Problem
Given 2 integer numbers, b
and a non-negative n
, we need to raise the number b
to the power of n
.
Examples:
Input b | Input n | Output |
2 | 4 | 16 |
-2 | 3 | -8 |
-2 | 10 | 1024 |
5 | 0 | 1 |
Solution
fn pow(mut b: i32, mut n: u32) -> i32 {
let mut pow: i32 = 1;
while n > 0 {
if (n % 2) == 1 {
pow *= b;
}
n /= 2;
b *= b;
}
pow
}
Explanation
A naive one-liner solution could be just to iterate n
times and multiply b
:
fn pow(b: i32, n: u32) -> i32 {
(0..n).fold(1, |acc, _| acc * b)
}
It would work but would have the linear time complexity O(n)
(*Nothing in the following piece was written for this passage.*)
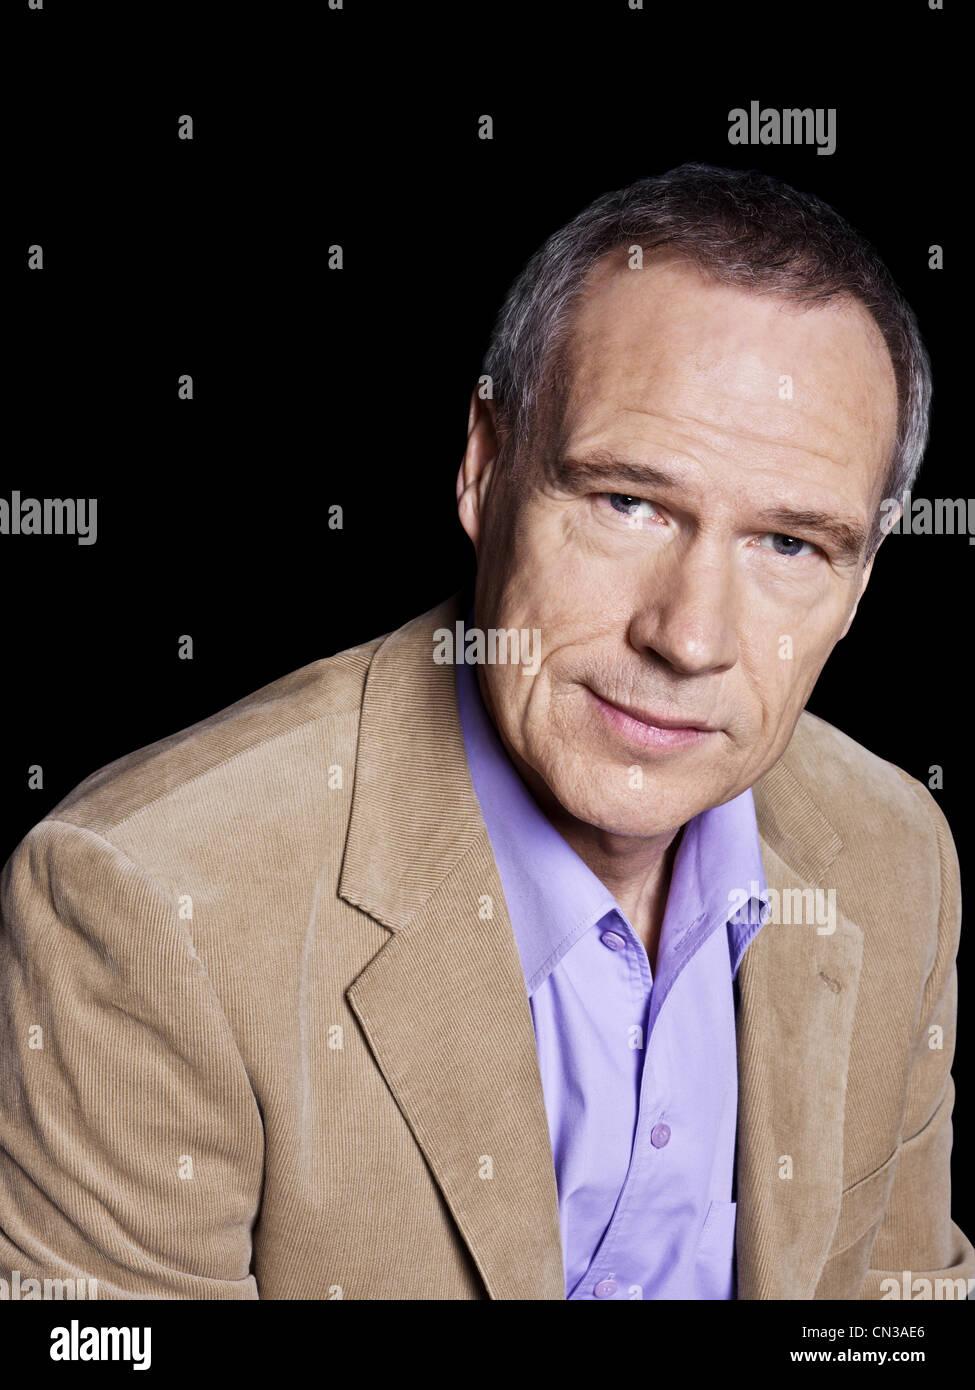 L'uomo indossando giacca beige, ritratto Immagini Stock

which is not ideal. Instead, the Solution has the time complexity O(log n)
.
The idea of the Solution is to divide the number n
by 2
and multiply b
to itself while n > 0
. This way instead of multiplying b
n
times one by one, we are taking an "exponential shortcut", so to speak. In other words, instead of doing e.g. 3*3*3*3*3*3*3*3
like in the naive solution, we do ((3^2)^2)^2
.
One tricky part here is that we need to add special handling for situations when n
becomes an odd number (n % 2) == 1
. In essence, that is needed to process cases when the current power of n
is not divisible by 2
like in 3^5
. In this case, we need an additional multiplication like ((3^2)^2)*3
.
Complexity
The time complexity of the solution is O(log n)
(where n
is the power we need to raise the number to).